Thomas Murrills (Dec 07 2022 at 22:25):
All I can contribute to this is that from my perspective (a math person new to lean), ''
does indeed look pretty strange and unfriendly!
Yaël Dillies (Dec 07 2022 at 22:26):
''
is standard in the set theory literature afaiu.
Eric Wieser (Dec 07 2022 at 22:28):
If you could make standard maths notation work
sometimes you can write f • s
...
import group_theory.group_action.basic
open_locale pointwise
example {α} (f : function.End α) (s : set α) : f • s = f '' s := rfl
Scott Morrison (Dec 07 2022 at 22:29):
If anyone wants to propose some alternatives in case we can't keep ''
, we can use that in the interim instead of !!
.
Eric Wieser (Dec 07 2022 at 22:30):
<$>
also already works:
universes u -- doesn't work over different universes
example {α : Type u} {β : Type u} (f : α → β) (s : set α) : f <$> s = f '' s := rfl
Eric Wieser (Dec 07 2022 at 22:35):
How about f ″ s
? (″
is "double prime")
Thomas Murrills (Dec 07 2022 at 22:35):
Here are some round Unicode brackets reminiscent of the standard (outside of actual set theory :) ) image notation—not sure if they’re visually distinct enough from ascii though.
Thomas Murrills (Dec 07 2022 at 22:35):
f ❨ S ❩
Thomas Murrills (Dec 07 2022 at 22:36):
f ❪ S ❫
Thomas Murrills (Dec 07 2022 at 22:37):
f ⟮ S ⟯
Eric Wieser (Dec 07 2022 at 22:37):
I think brackets would be a bad idea, especially while simultaneously trying to teach newcomers that in lean functions are written without brackets
Scott Morrison (Dec 07 2022 at 22:37):
Personally I would prefer infix
Eric Wieser (Dec 07 2022 at 22:38):
I'd really like if we could make <$>
work (by rewriting the monad framework to be universe polymorphic), because then we could use the same notation for docs#finset.map, docs#subgroup.map, ... as well.
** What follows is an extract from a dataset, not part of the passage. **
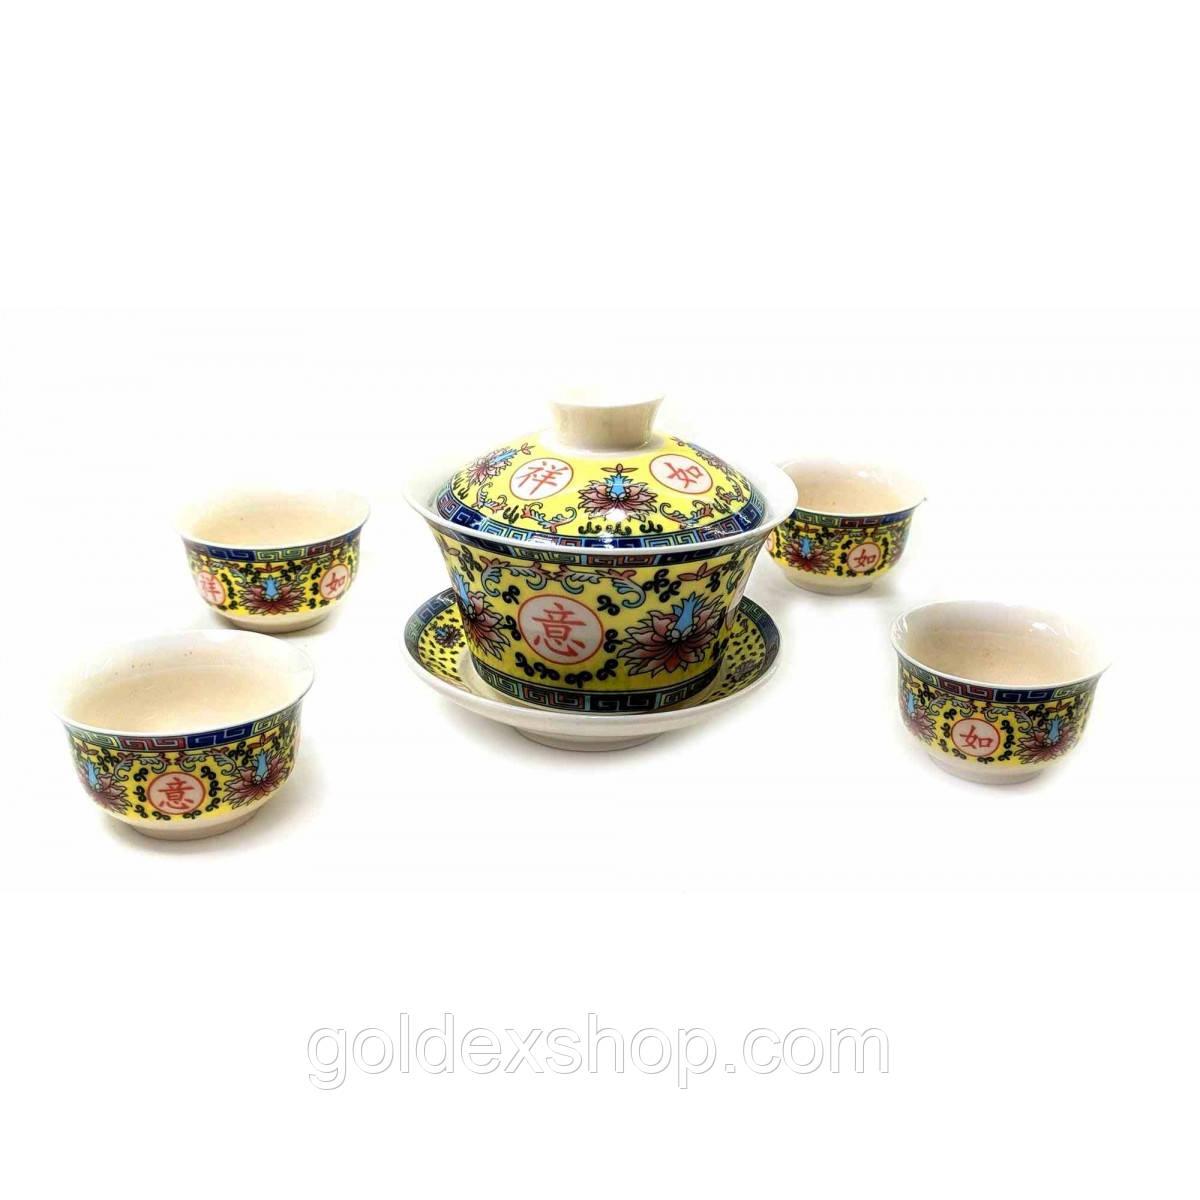 "Сервиз для чайной церемонии ""Иероглифы"" 17х18х9,5 см)(Заварник - 100мл., чашка - 20мл.)"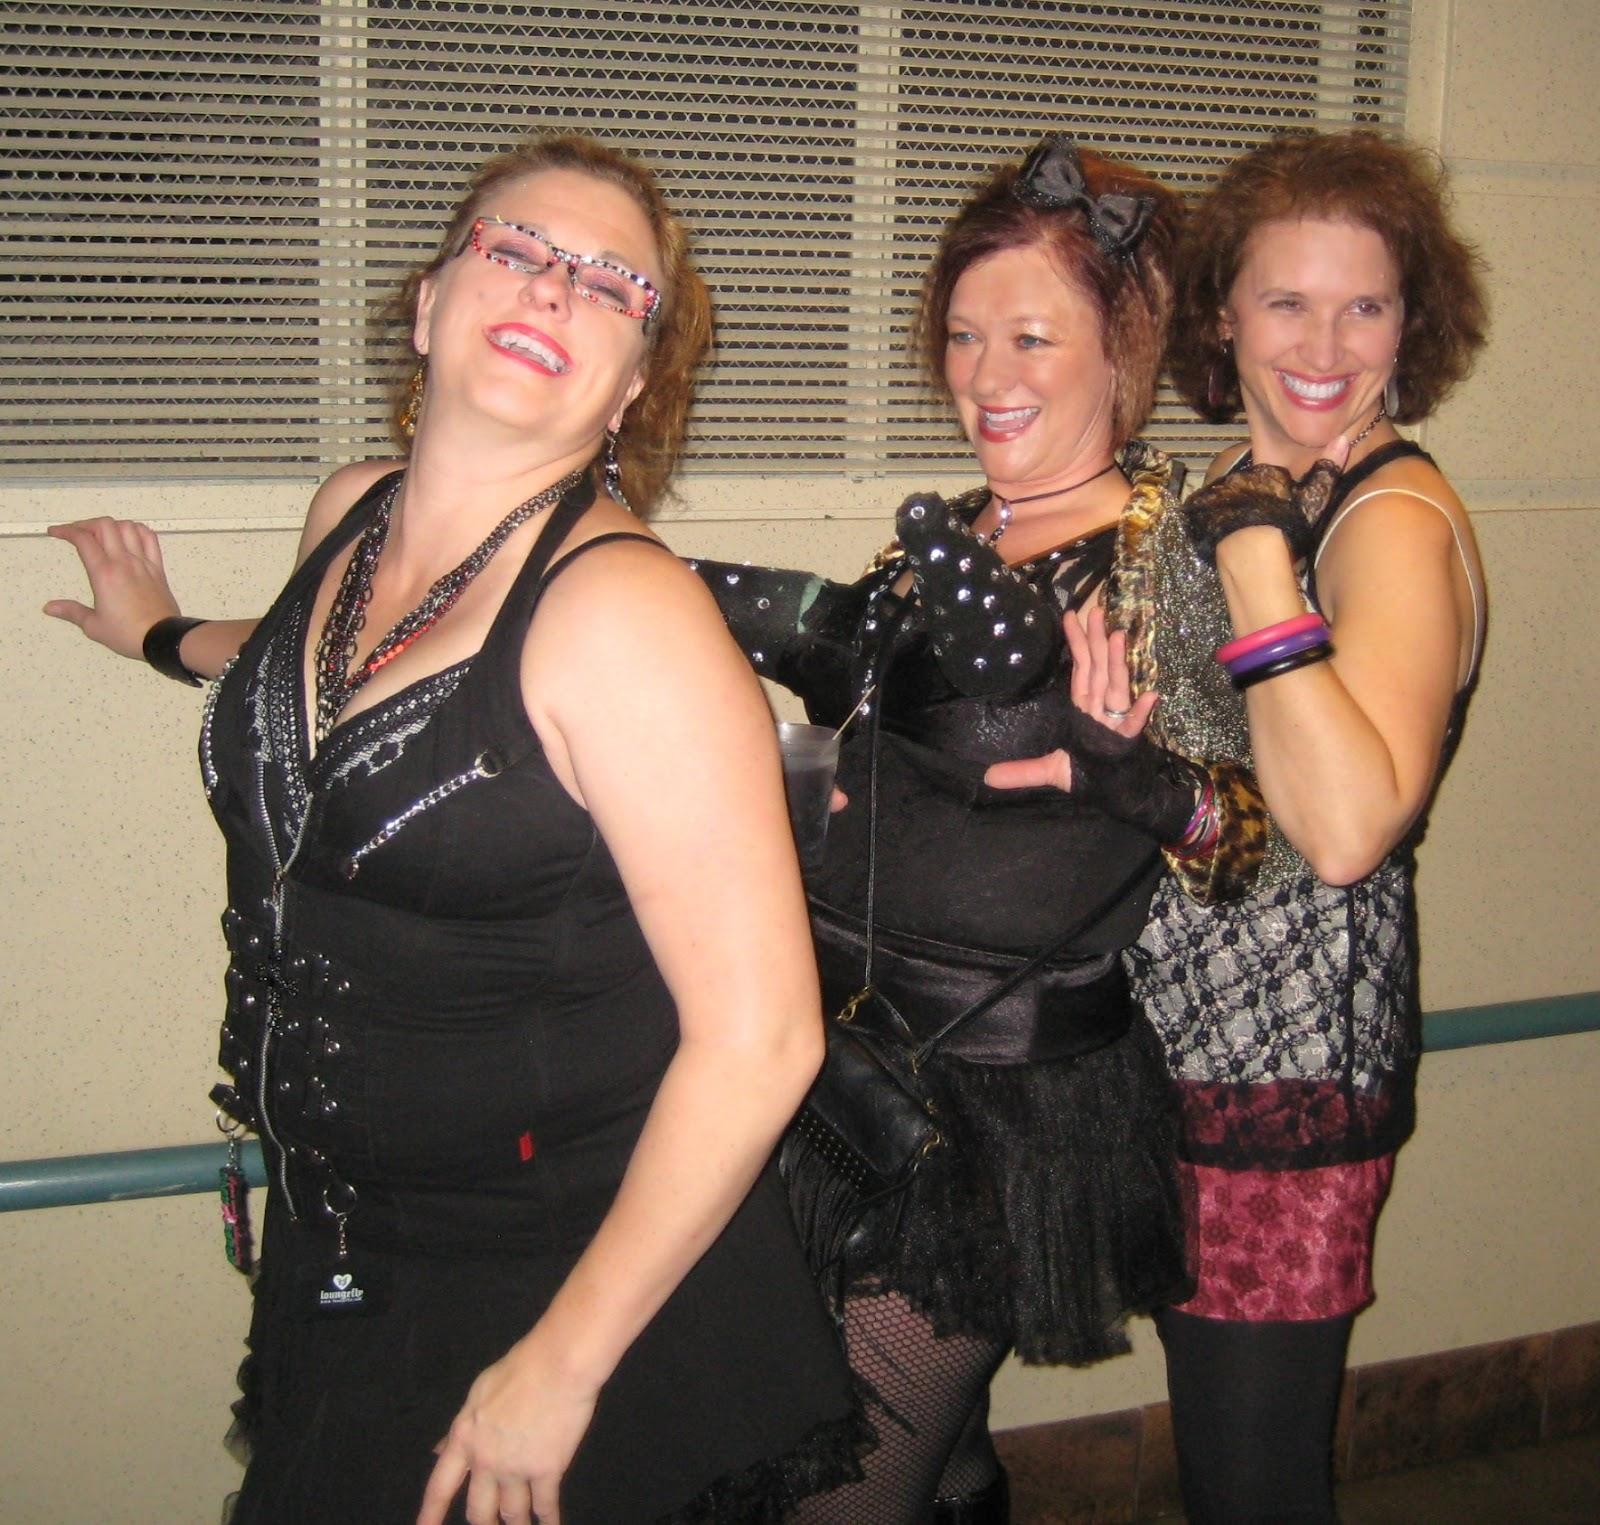 http://3.bp.blogspot.com/-1TDCBsn1vHY/ULT_VFxNMKI/AAAAAAAAo5M/LrHDtsqqpw8/s1600/Madonna+studded+cone+bra+concert+in+Minneapolis+picture.jpg

But that's probably not a viable thing to try until after the port.
Thomas Murrills (Dec 07 2022 at 22:41):
I don’t think there’s a standard infix notation for the image recognizable by most mathematicians, so I suppose that opens it up to anything with the right vibes! (Other brackets I found included turtle shell, if not used for anything else: f ❲ S ❳
)
Thomas Murrills (Dec 07 2022 at 22:47):
Though…I might gently caution against <$>
if the goal is “make mathlib notation friendly to mathematicians”. That seems complicated and programmer-y to me, whereas at least ''
is visually simple and has precedent in a niche area of math (well, they’re all niche, ultimately, but you know what I mean :) )
But on the other hand…maybe it would open up mathematicians to the joys of monads and unify the concept of image with other map
operations in math…? Maybe programmer notation has something to add here? :) Just some thoughts.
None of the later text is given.